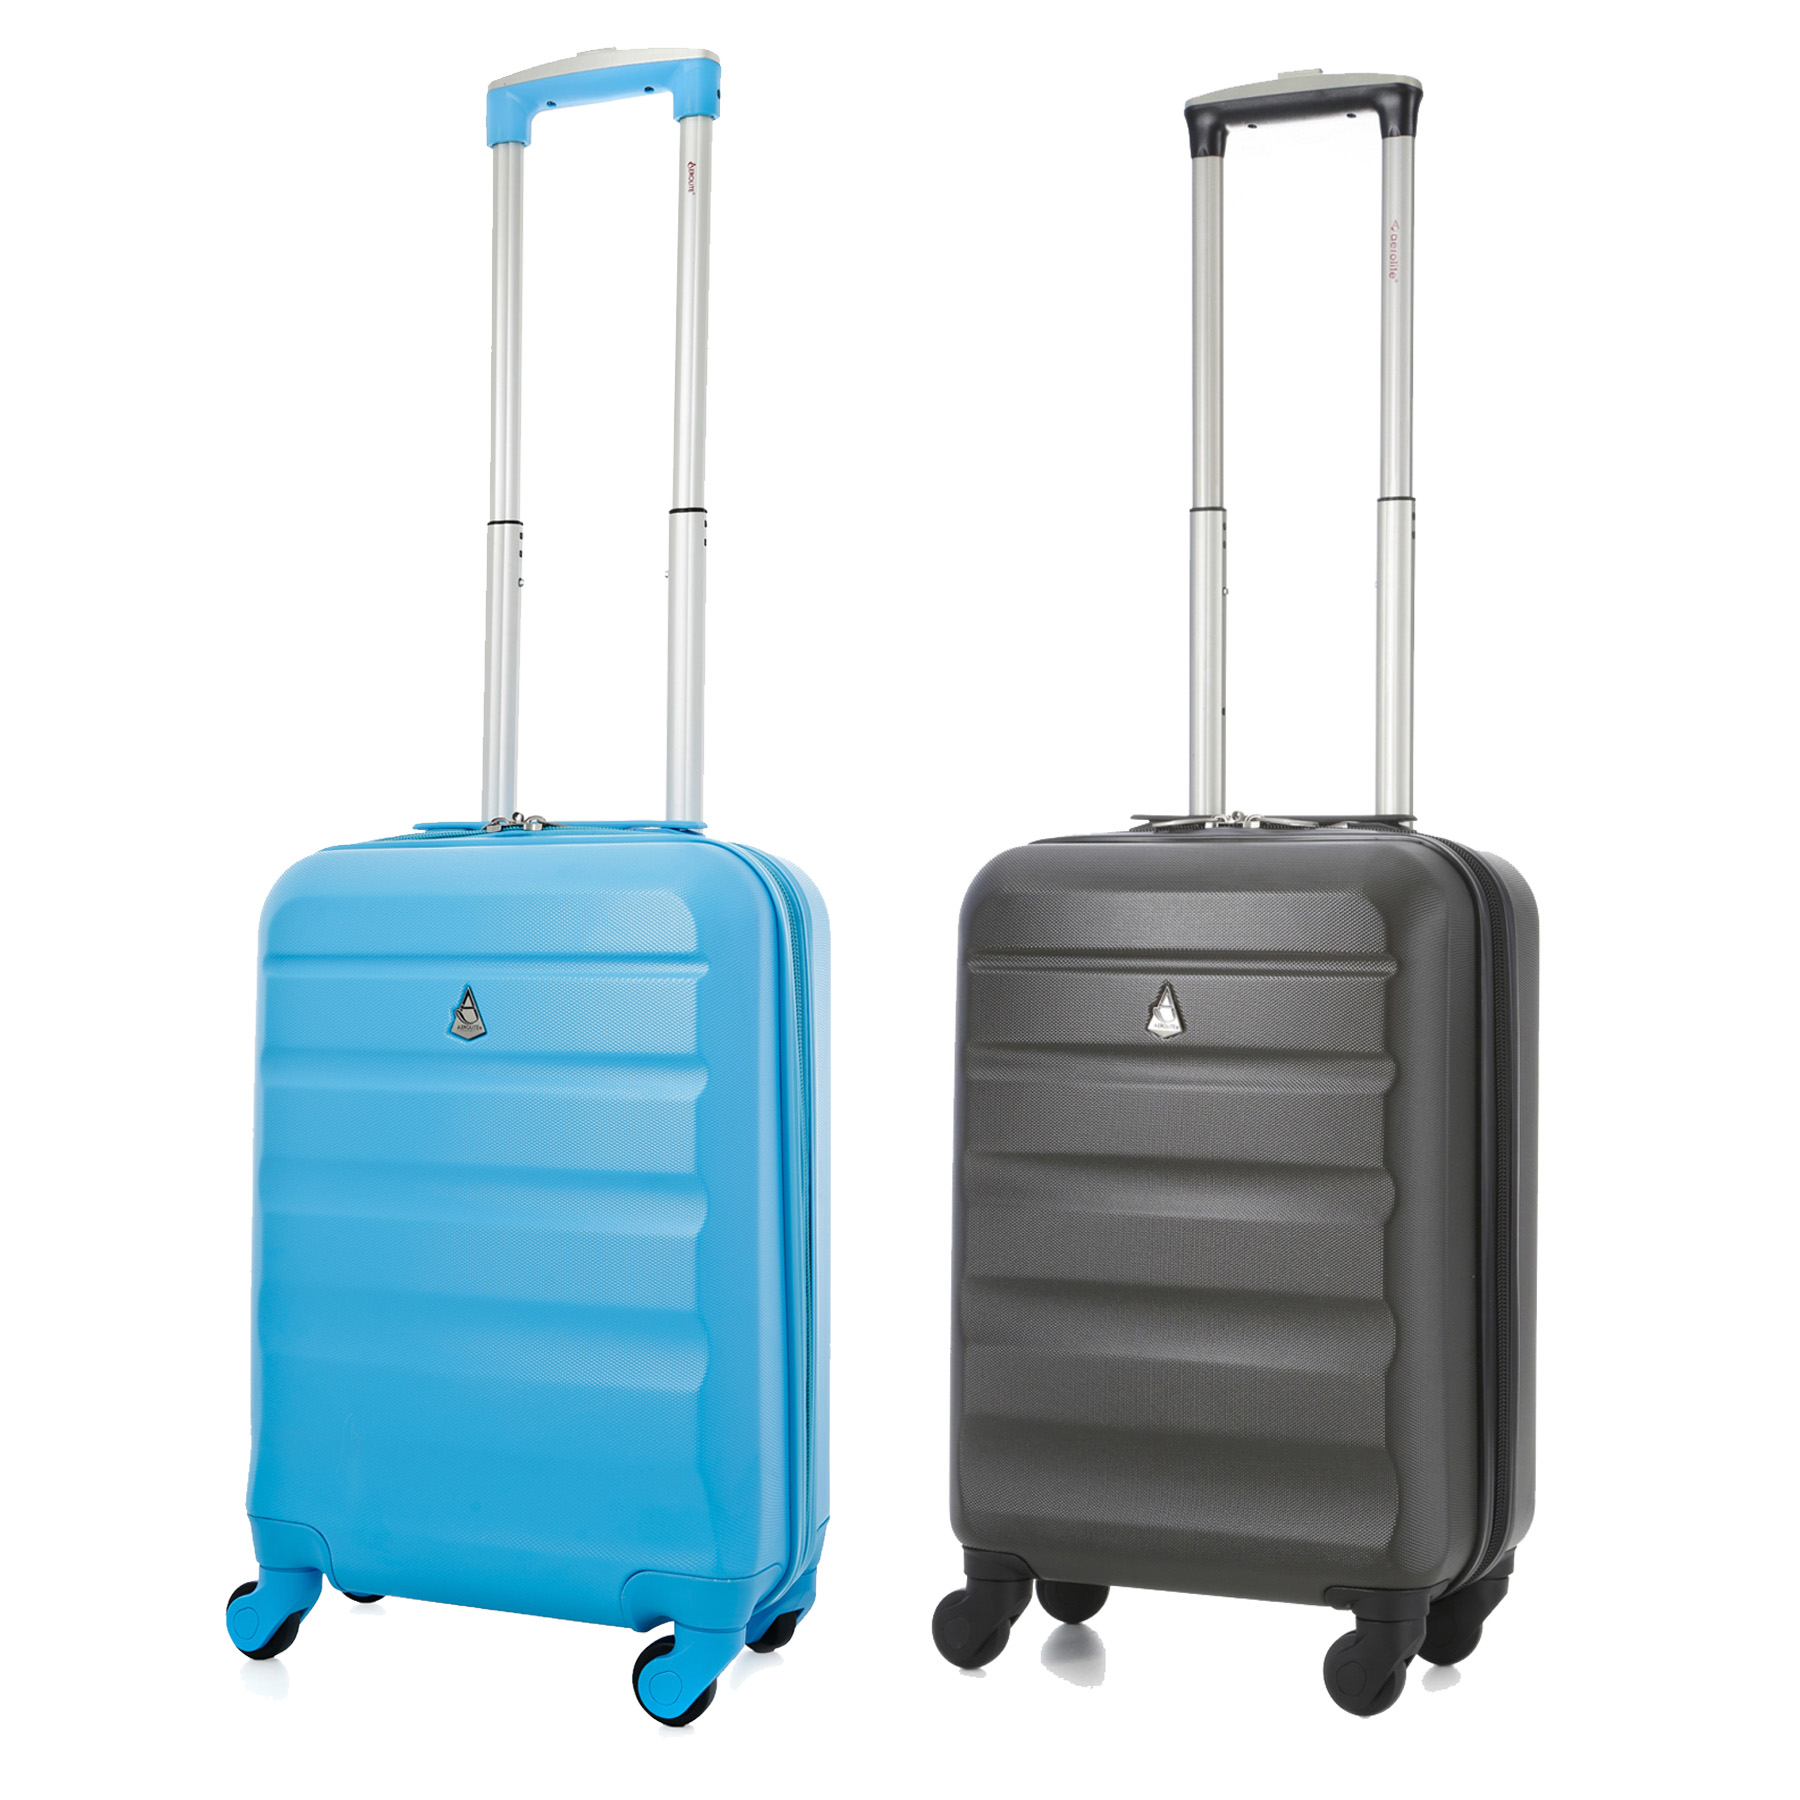 Aerolite Super Lightweight ABS Hard Shell Suitcase - 4 Wheels Set of 2
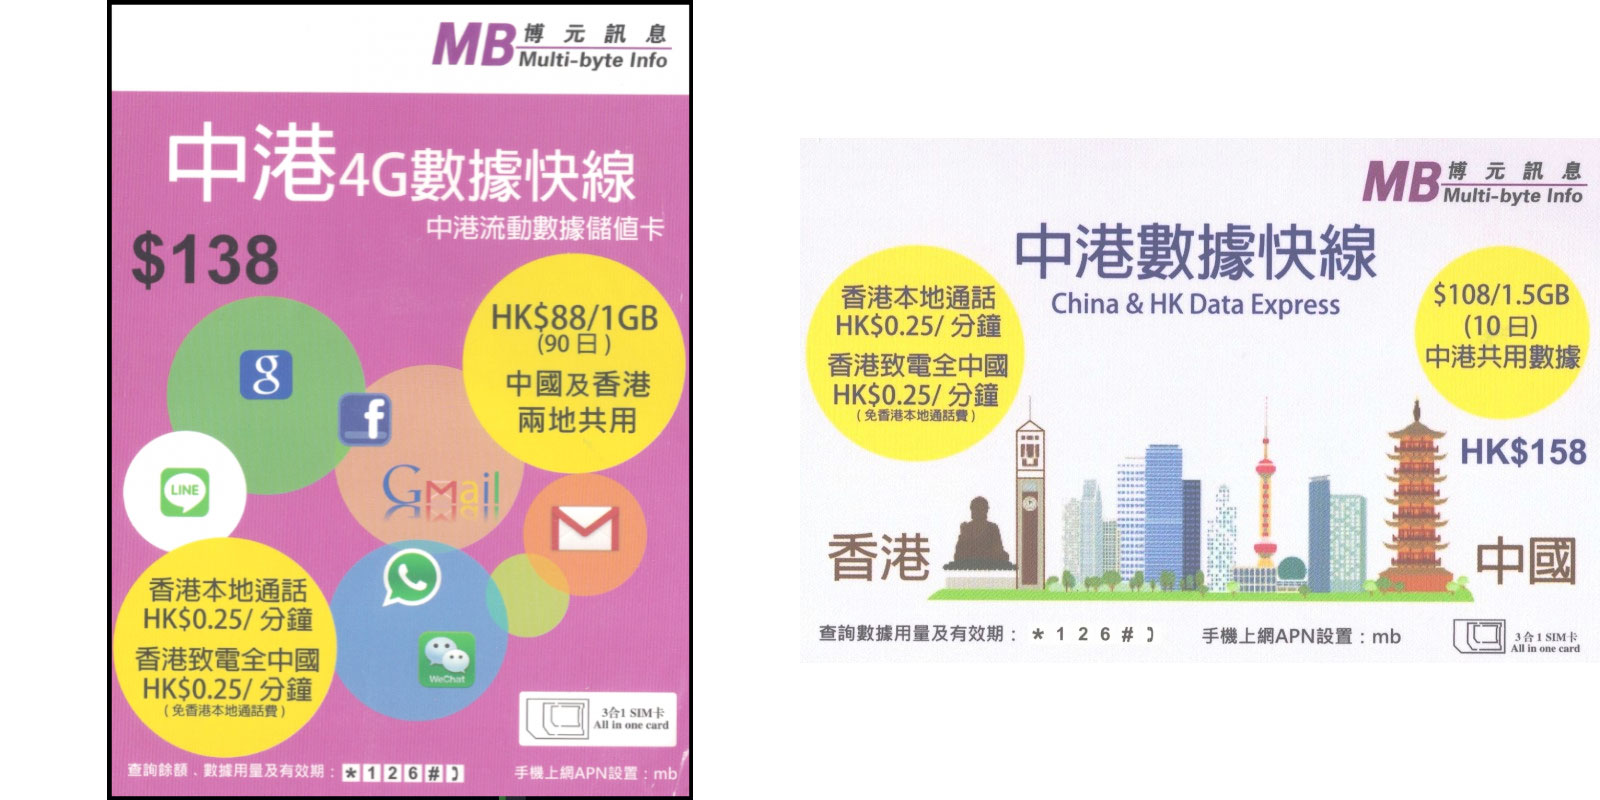 ComNet Telecom：Multi-Byte 1GB數據 + 通話(香港/中國共用)只需$24
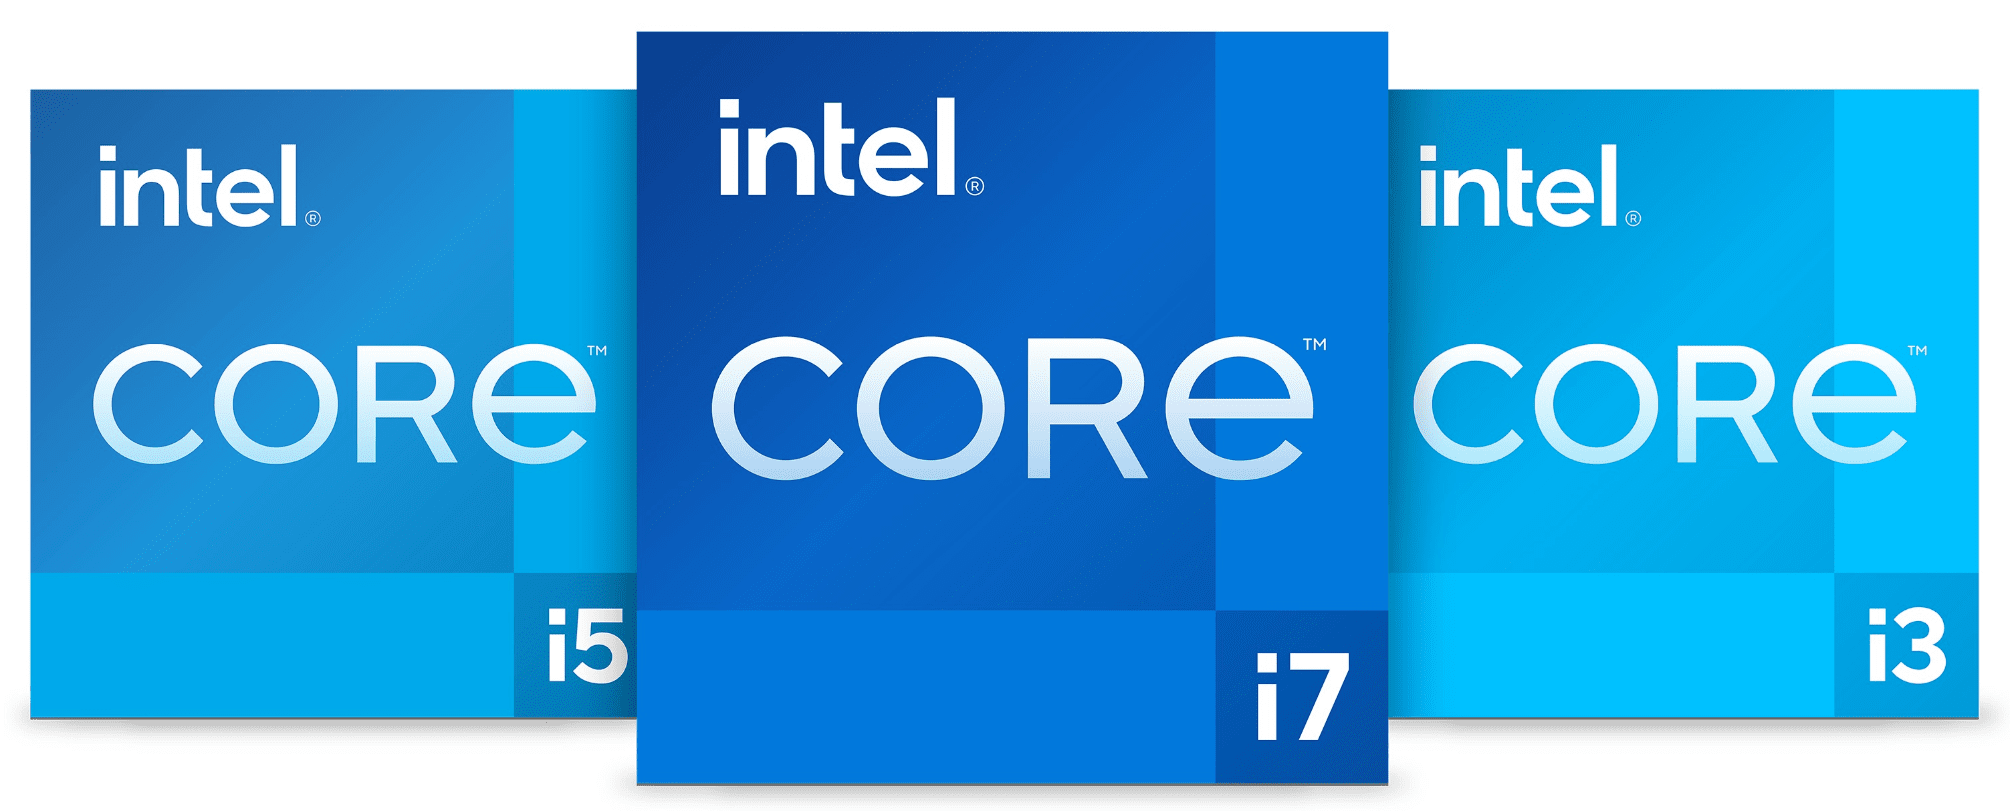 Intel Core 11th generation processors

[Exercise requirements]: Copy out the listing word for word and skip its pictures.

[Written answer]:
 Aerolite Super Lightweight ABS Hard Shell Suitcase - 4 Wheels Set of 2
 ComNet Telecom：Multi-Byte 1GB數據 + 通話(香港/中國共用)只需$24
 Intel Core 11th generation processors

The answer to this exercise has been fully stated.